If you go to the main EA login page, it shows all of your EA personas, and if you never been there before it will have some random one set as your default. But once you login there you can see them all and select which one you actually want as your default. So if the game is only going off that, I would try and select a different persona over on the main EA site, it's been a while since I have done it, so if it isn't there, let me know and I'll dig and see if I remember where it was you can do that, that is if you havent already tried.

On the plus side, if you sound out treip text, it comes out at treeeip! tex, which you might say if you were to really trip, ok maybe thats lame, but for some reason I find it amusing.


----------



## TRIPTEX_CAN (Nov 21, 2010)

1Kurgan1 said:


> If you go to the main EA login page, it shows all of your EA personas, and if you never been there before it will have some random one set as your default. But once you login there you can see them all and select which one you actually want as your default. So if the game is only going off that, I would try and select a different persona over on the main EA site, it's been a while since I have done it, so if it isn't there, let me know and I'll dig and see if I remember where it was you can do that, that is if you havent already tried.
> 
> On the plus side, if you sound out treip text, it comes out at treeeip! tex, which you might say if you were to really trip, ok maybe thats lame, but for some reason I find it amusing.



I keep sounding it out in Wario's voice. I tried the changing my default EA persona but the game still uese treiptex. :shadedshu


----------



## Stak (Nov 21, 2010)

just did some races against erocker and TRIPTEX_CAN. they went ok. Tough enemies for sure. Wpn most matches but it sure wasn't easy.

but im off for today


----------



## TRIPTEX_CAN (Nov 22, 2010)

Good racing today. I remember getting beat pretty often but I think I need to get more upgrades before I can actually compete.... and I'm also not very good at racing games.


----------



## cdanijel (Nov 22, 2010)

*Need help!!!please!!!!*

I have little older monitor.I can't to brighnest display for this extra game.I try through  graphic card to brighnest but no effect in game.I don't know how to directly do that in game.Please help me as soon as possible.


----------



## RejZoR (Nov 23, 2010)

Sst4kK is one damn hard competitor. Good job man.

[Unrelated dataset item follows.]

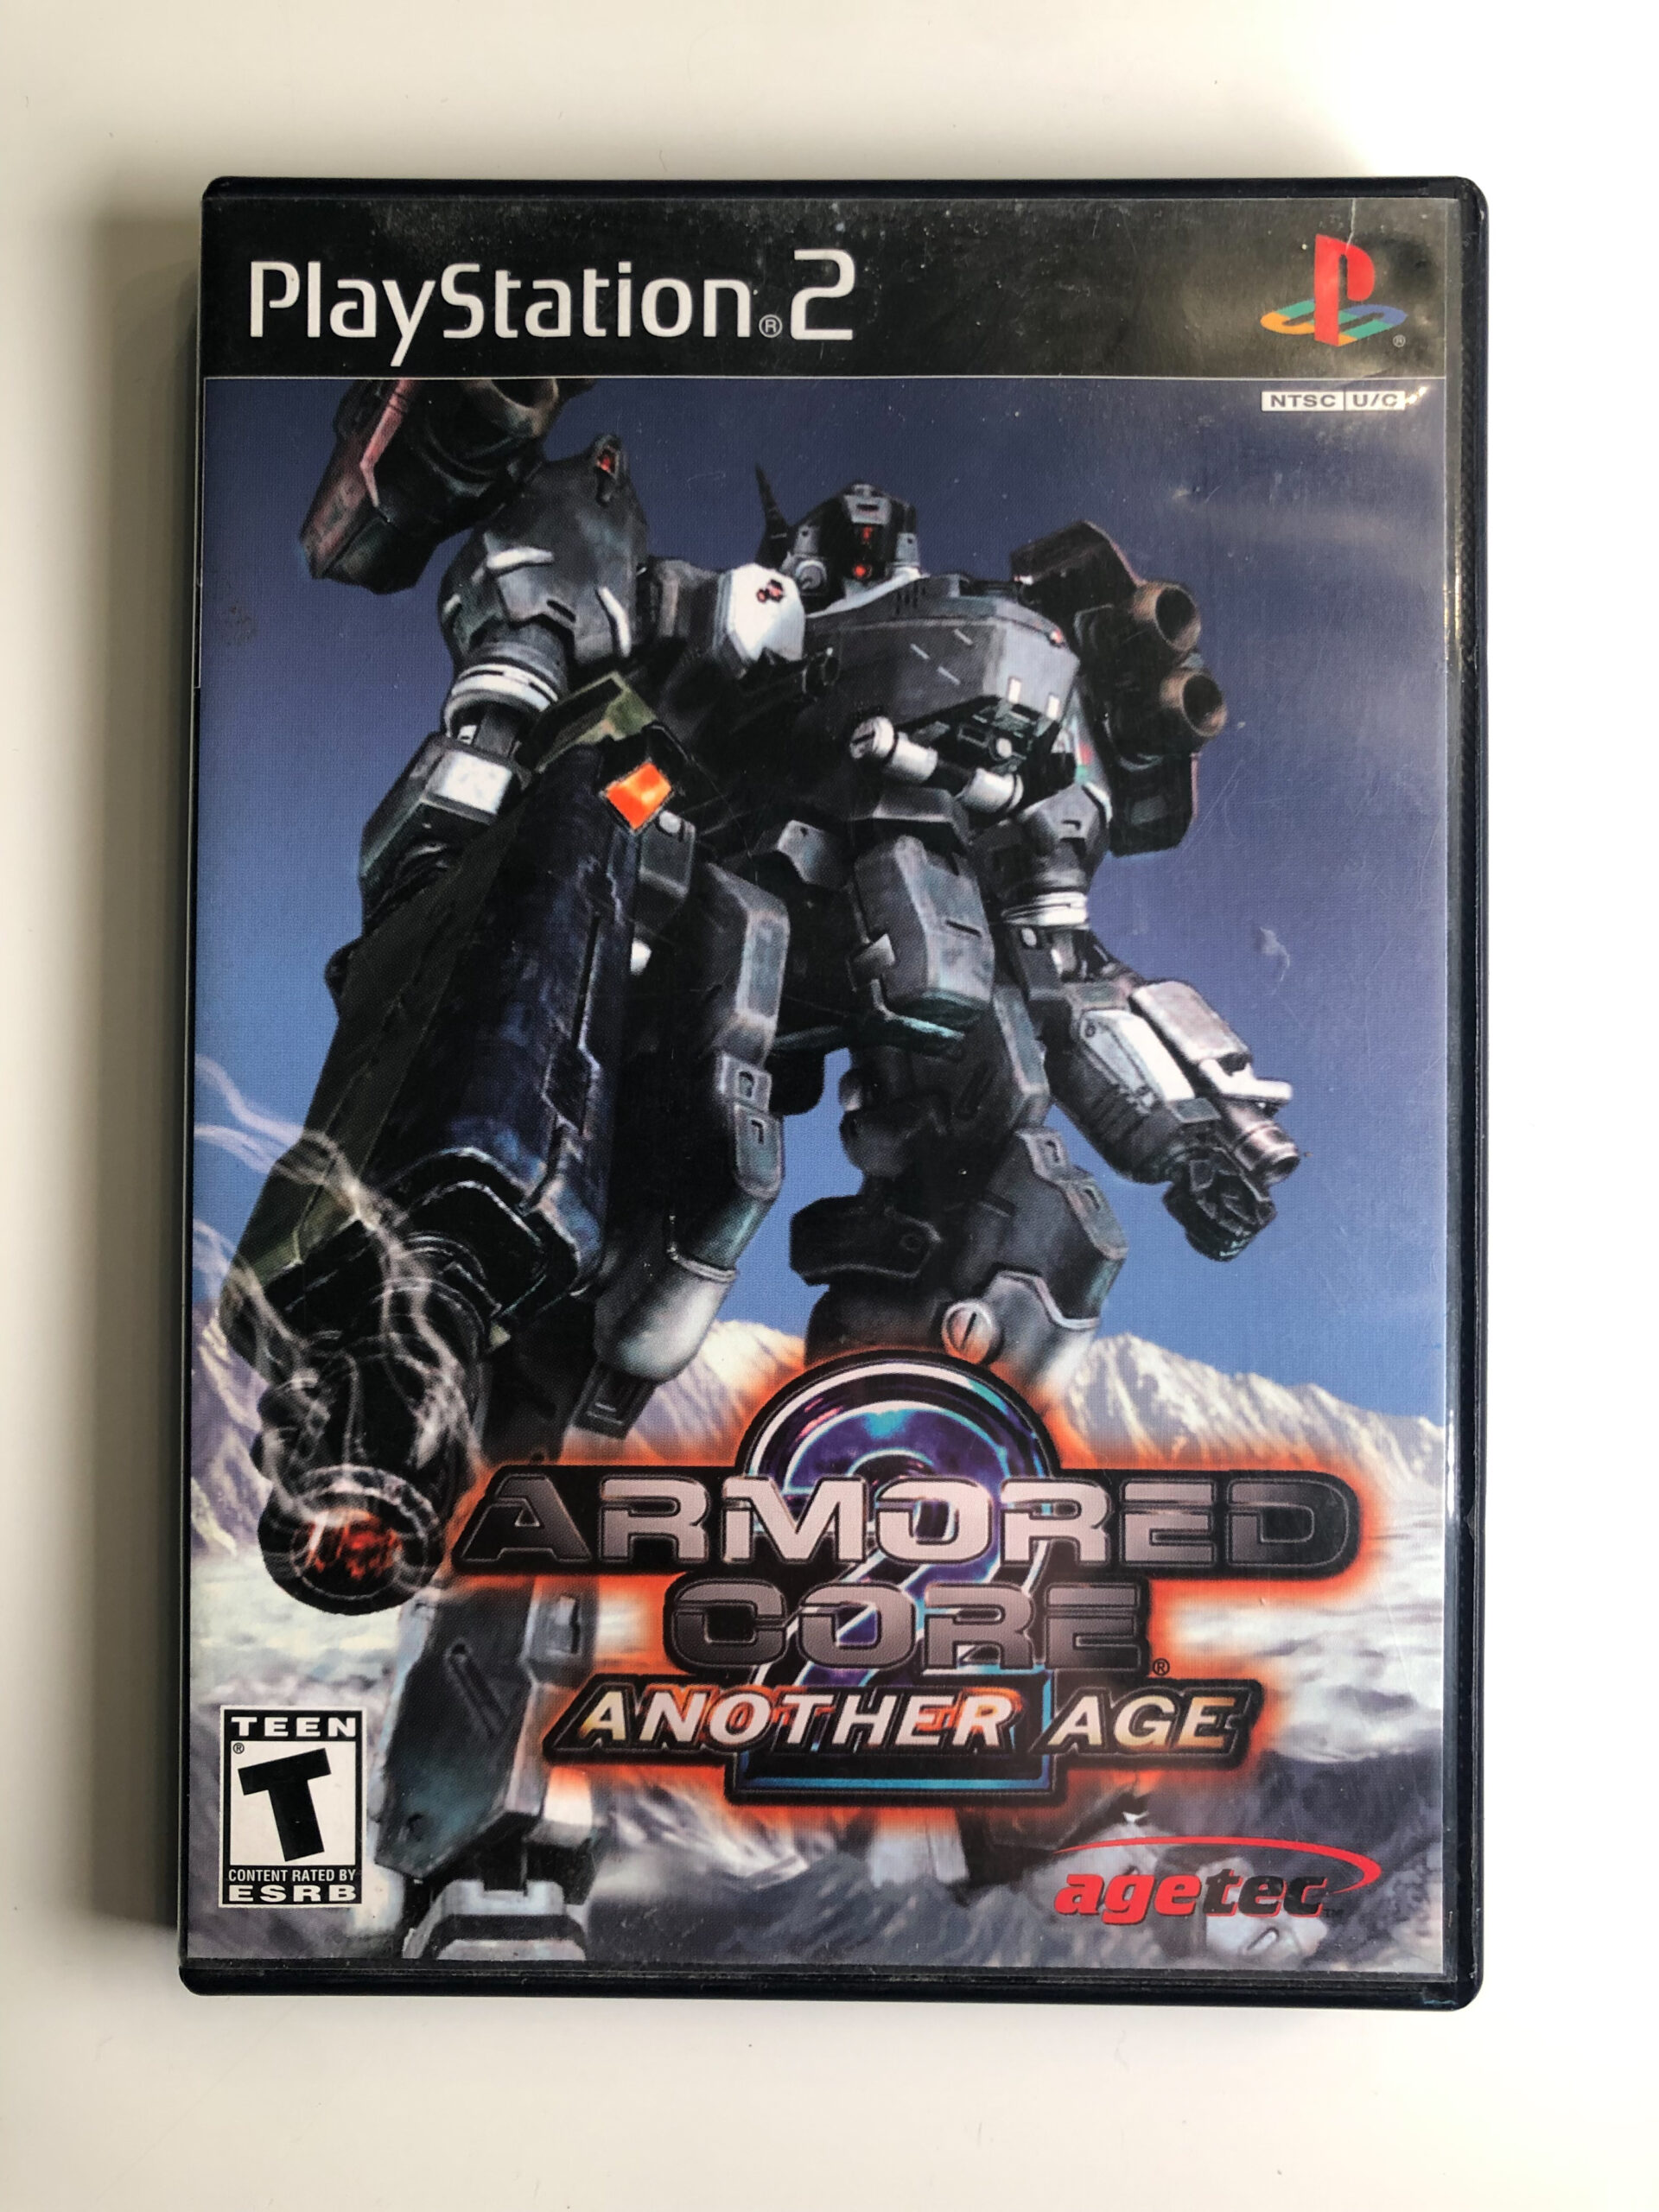 Armored Core 2: Another Age (Playstation 2, 2001), by Lork

But i'll get you eventually. Have just reclaimed few 1st positions and i have intention do do some more  Even though this game is very arcade-ish, but it requires a 150% precision, proper use of what you have at your disposal and don't make any mistakes or learn to compensate them properly if you do make some. Mastering the cornering is just as hard as mastering cornering in simulations. Maybe it doesn't look like it, but it's true.


----------



## digibucc (Nov 23, 2010)

cdanijel said:


> I have little older monitor.I can't to brighnest display for this extra game.I try through  graphic card to brighnest but no effect in game.I don't know how to directly do that in game.Please help me as soon as possible.

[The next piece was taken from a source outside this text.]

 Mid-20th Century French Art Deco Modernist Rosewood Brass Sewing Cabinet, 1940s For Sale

in game you just go to settings, video controls, and then slide gamma/brightness up


----------



## zaqwsx (Nov 26, 2010)

How many of you guys are using a racing wheel and if so what kind are you using?


----------



## RejZoR (Nov 26, 2010)

I've sent few names from here to my local forum.

http://www.joker.si/mn3njalnik/index.php?showtopic=222661

Maybe we can join both Auto Log Clubs


----------



## Cold Storm (Nov 26, 2010)

I'll have my copy Tomorrow!

Sennheiser75 is my PS3 tag


----------



## RejZoR (Nov 26, 2010)

Though i don't think different systems can work together. So we can't compare PC times with PS3 times etc...


----------



## Cold Storm (Nov 26, 2010)

RejZoR said:


> Though i don't think different systems can work together. So we can't compare PC times with PS3 times etc...



lol... I forgot this was the PC... I'll go and grab it off steam next week when a echeck clears.. lol


----------



## erocker (Nov 26, 2010)

Steam doesn't sell it unfortunately.


----------



## TheMailMan78 (Nov 26, 2010)

I want this on Steam. I would so buy it.


----------



## Cold Storm (Nov 26, 2010)

Fine, I'll get it on D2D... it's 29.99 for me there.. lol love store credit!


----------



## zaqwsx (Dec 19, 2010)

This thread needs a revival we need to get a game going with everyone? whos up for it?


----------



## mcloughj (Jan 16, 2011)

Hi,

Playing this the last few days! great fun!

Add me 'Beardyfunzo'


----------



## horik (Jan 16, 2011)

it`s just me or Shift has better graphics than Hot Pursuit? oh,and the game is great,fun to play


----------



## Bjorn_Of_Iceland (Jan 20, 2011)

Patch 2 for PC is out


> The following issues have been fixed in this patch:
> 
> - Flickering graphics after Alt-Tabbing out of the game and back.
> - Controller configurations sometimes failing to save correctly.
> ...



http://ll.needforspeed.com/u/f/eaga...m/downloads/HotPursuit/NFSHP_1000_to_1020.exe


----------



## BumbleBee (Jan 20, 2011)

I wish I could get my hands on the EA edition of Hot Pursuit. one of the developers at EA Mythic stopped by Giant Bomb around Christmas time to give away copies. the EA edition is given to Electronic Arts employees it contains more cars and a new box art


----------



## RejZoR (Feb 17, 2011)

Hey guys, no one playing NFS Hot Pursuit anymore? It's been a blast month and i've beaten most of the records. Need some more competition


----------



## RejZoR (Feb 21, 2011)

Looks like everyone playing NFS Hot Pursuit just disappeared altogether...


----------



## BumbleBee (Feb 21, 2011)

RejZoR said:


> Looks like everyone playing NFS Hot Pursuit just disappeared altogether...



nope, just on consoles lol


----------



## RejZoR (Feb 25, 2011)

Eh crap. Found few buddies (mostly from russia lol), but even they are rarely online.
Have played with someone from UK once, just 2 of us and it was pretty good. He wasn't cheating for sure and neither was i. And we were both on pretty good connection. The gameplay was just great.

It's so annoying to play against cheaters and laggers. Finished second, even the game said i was second and then the chart came up and i was 3rd. Wtf!?


----------